:: Assigned task ::
Without the images, reproduce each line of the material exactly.

:: Data ::
---
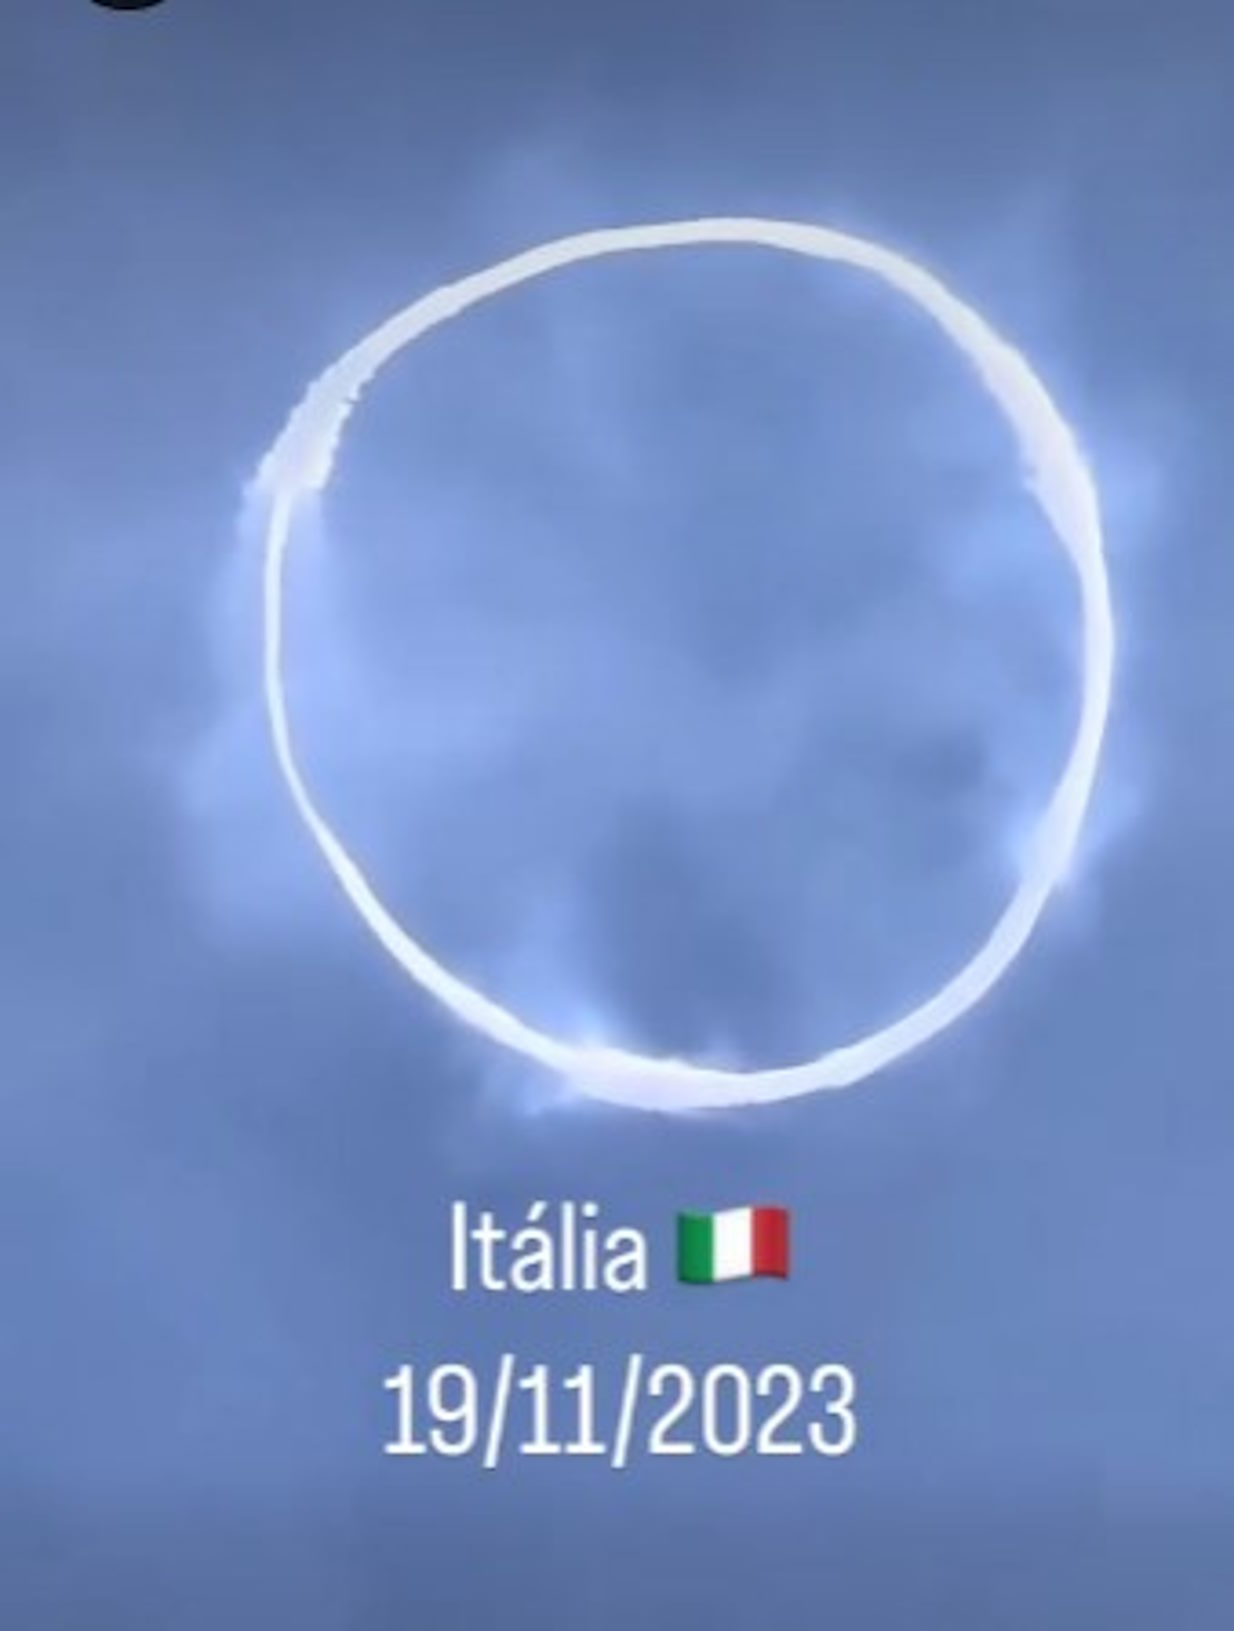 Arco de luz visto por los testigos en Italia
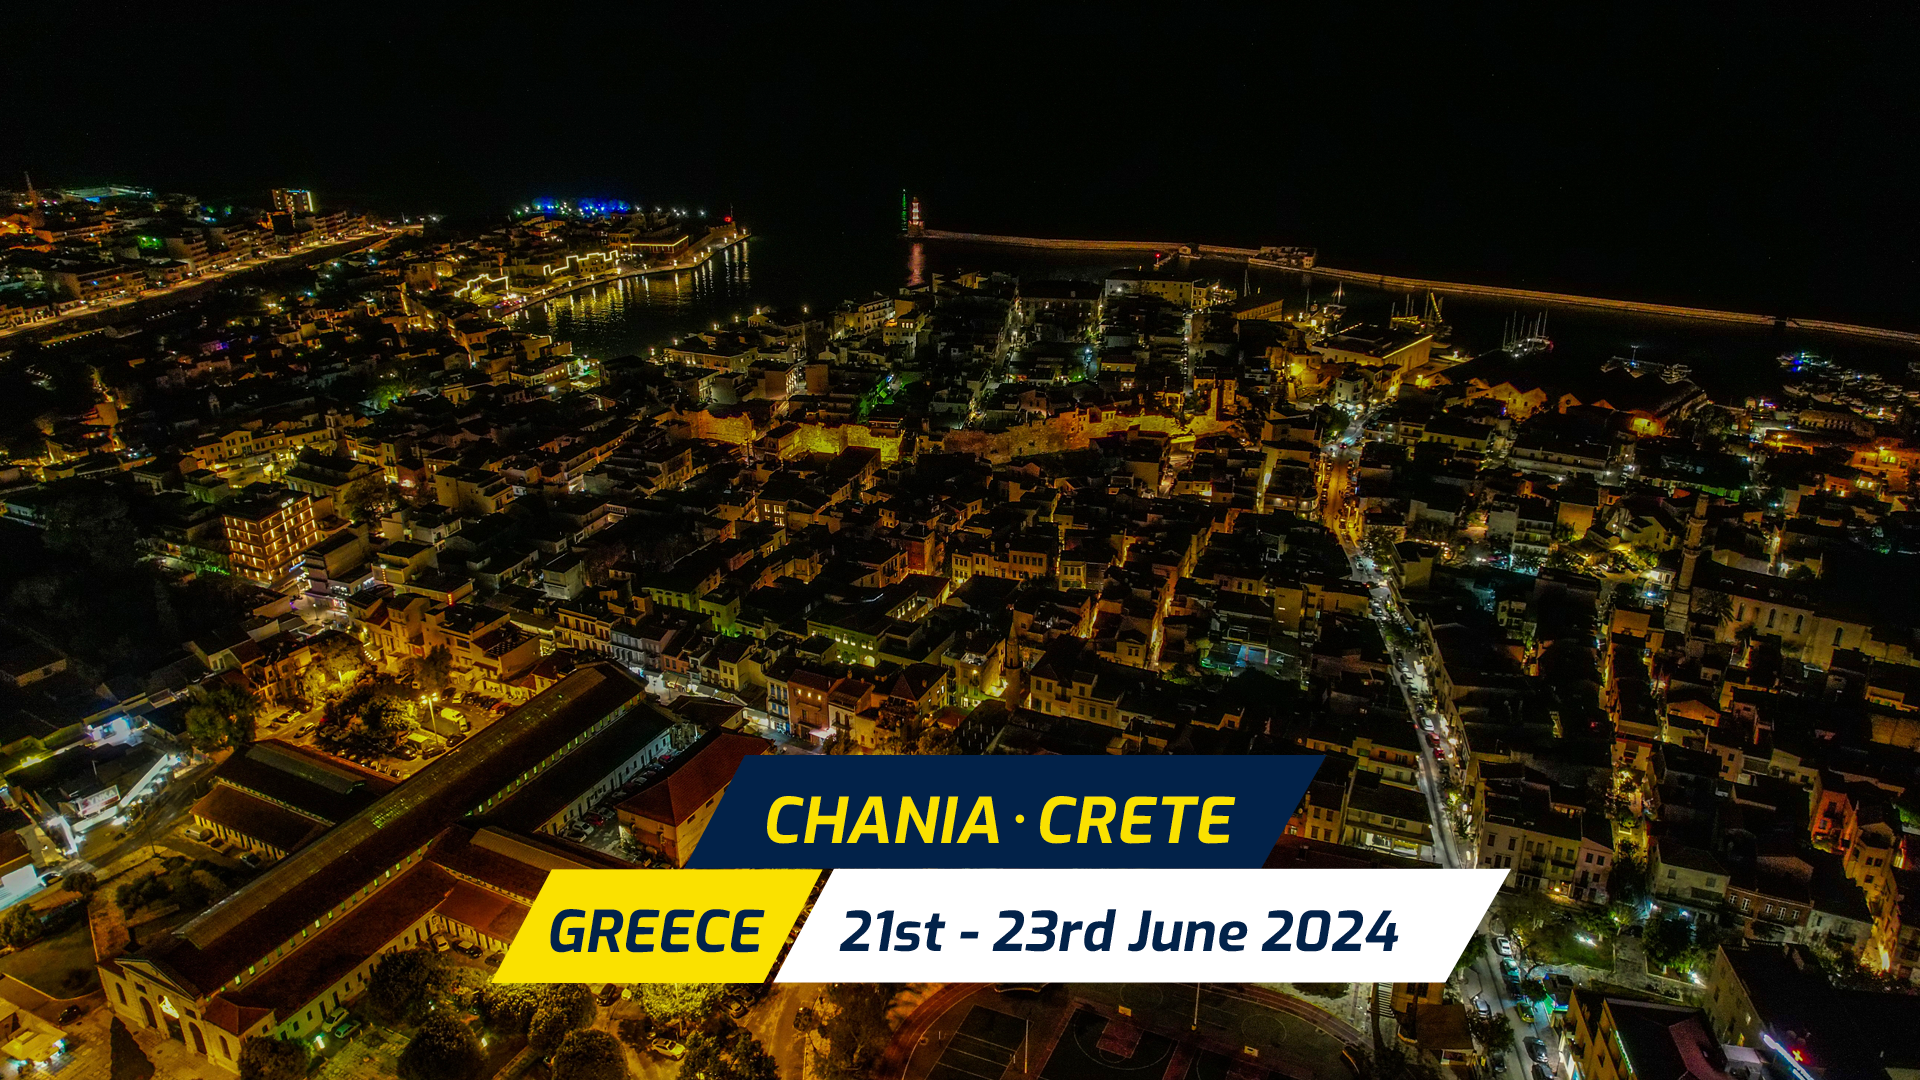 OCEANMAN CHANIA, CRETE - GREECE 2024
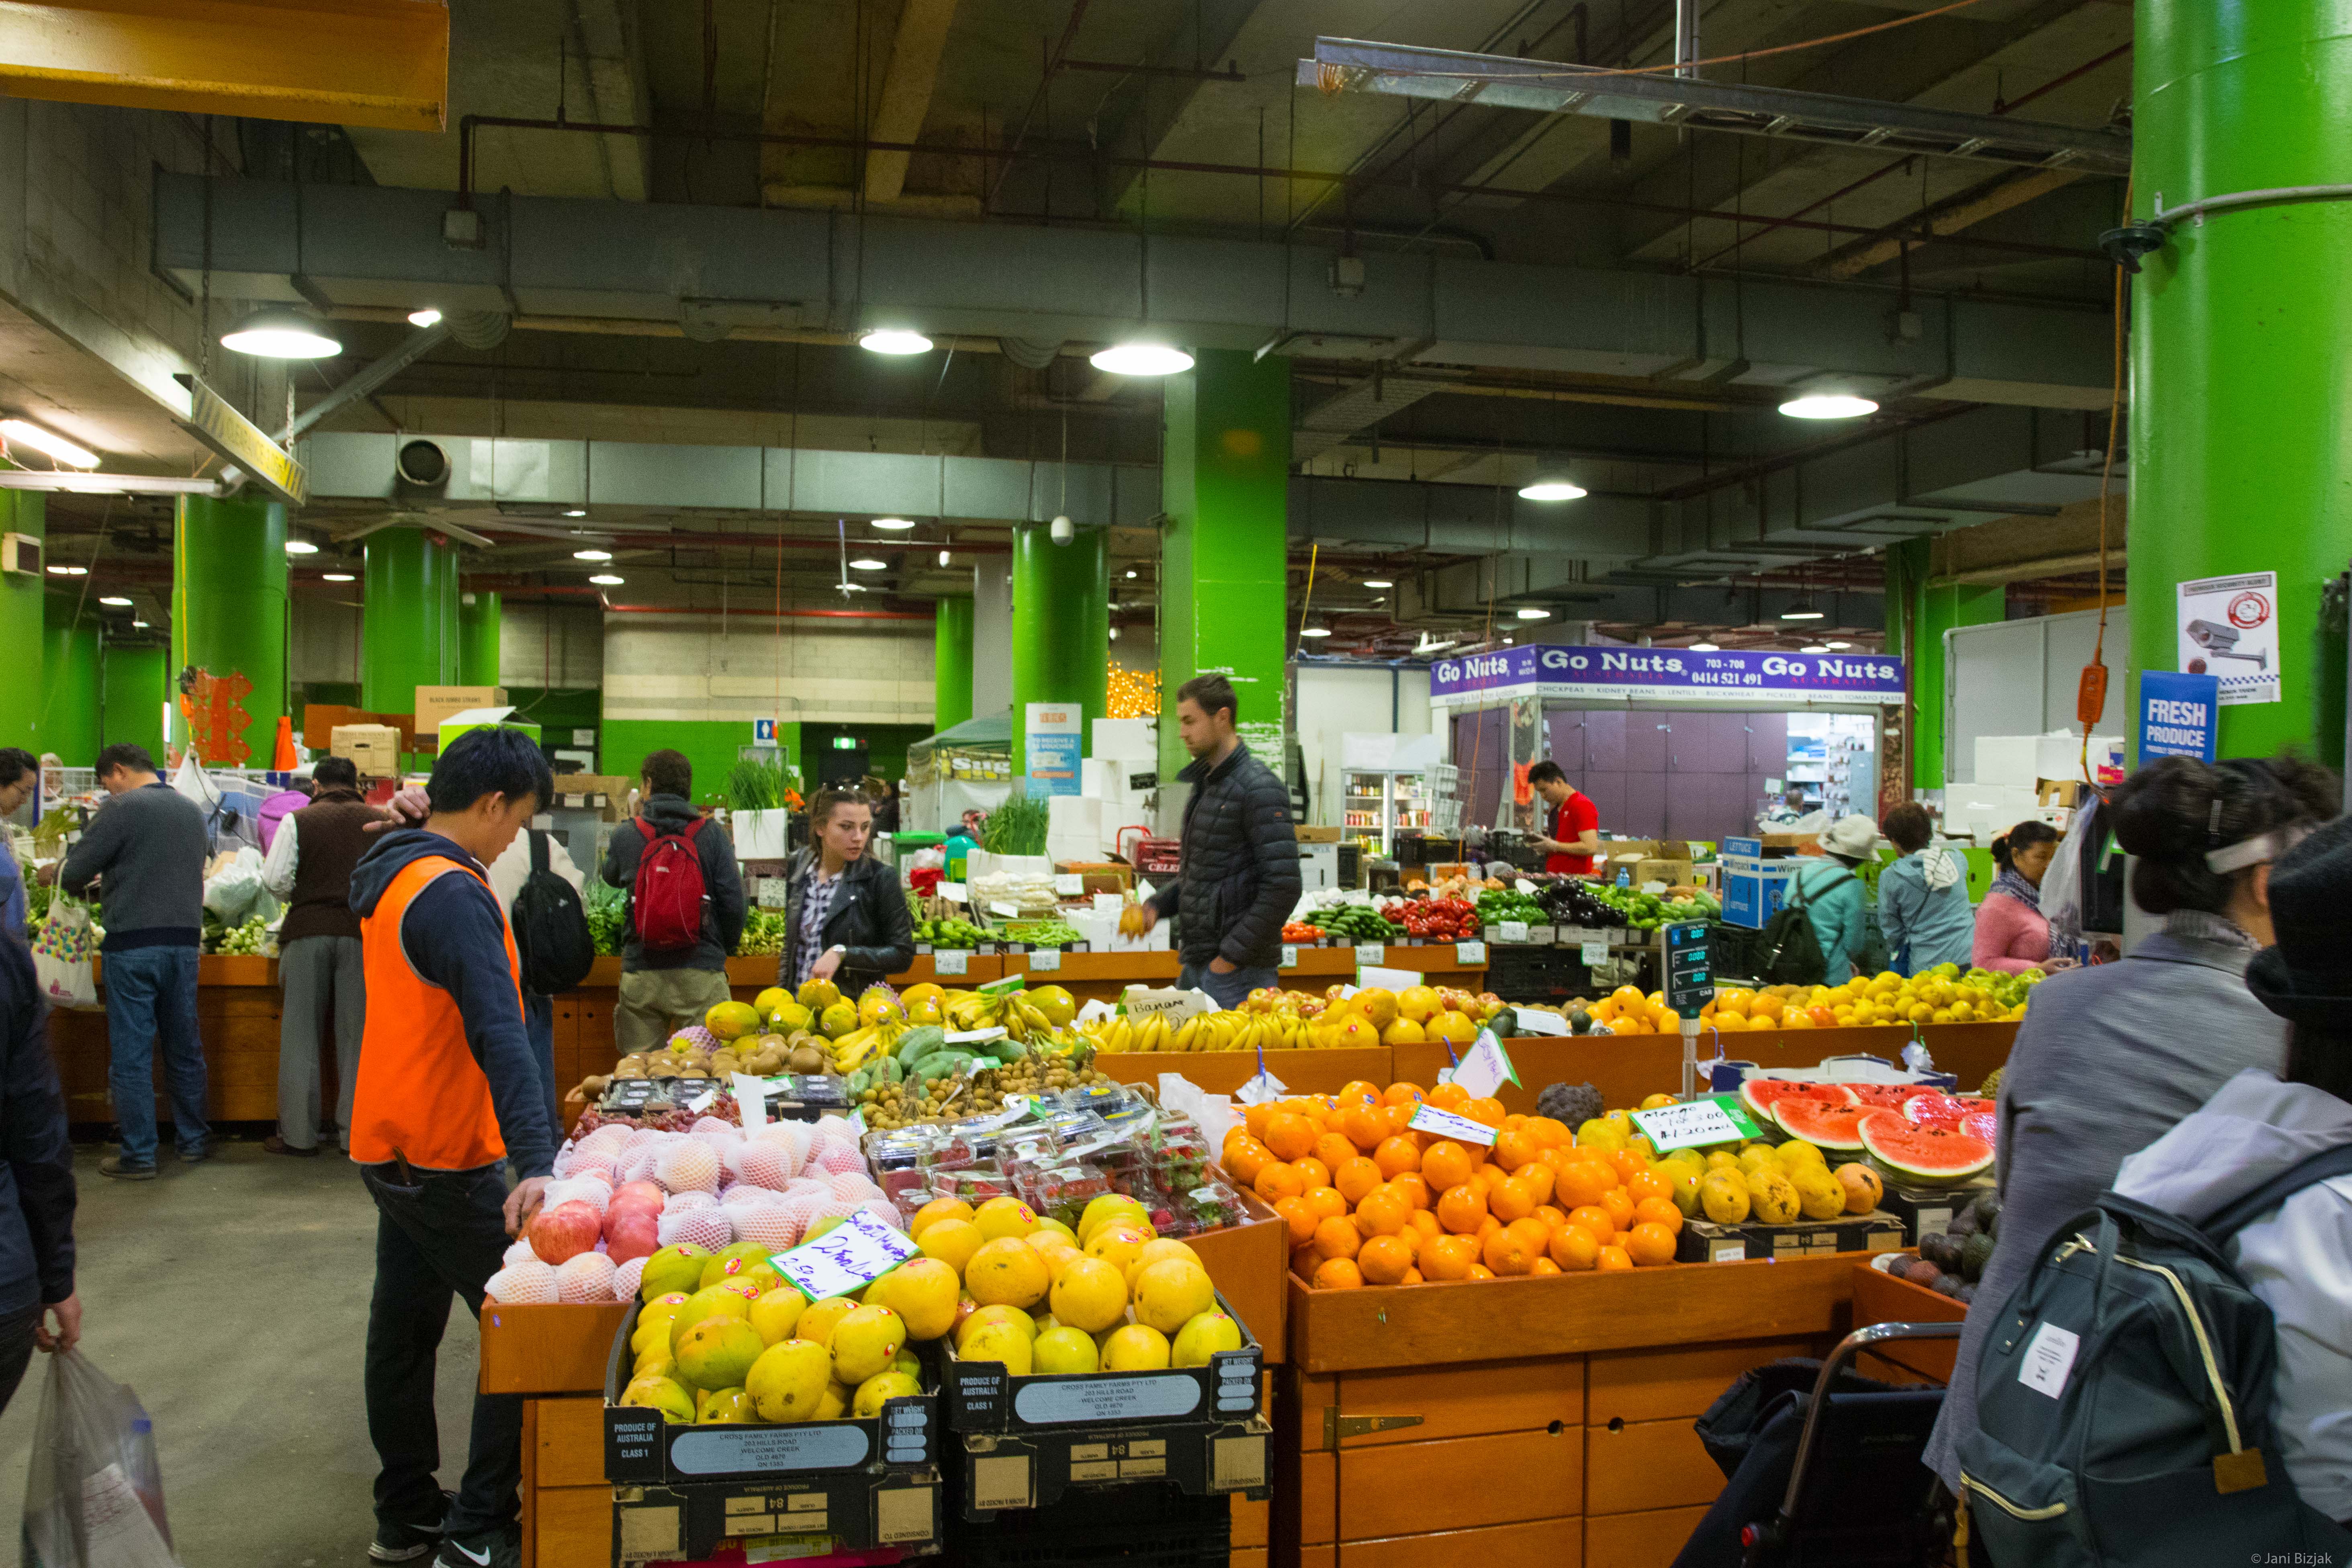 Sydney's market
---
:: Answer area ::
 Arco de luz visto por los testigos en Italia
 OCEANMAN CHANIA, CRETE - GREECE 2024
 Sydney's market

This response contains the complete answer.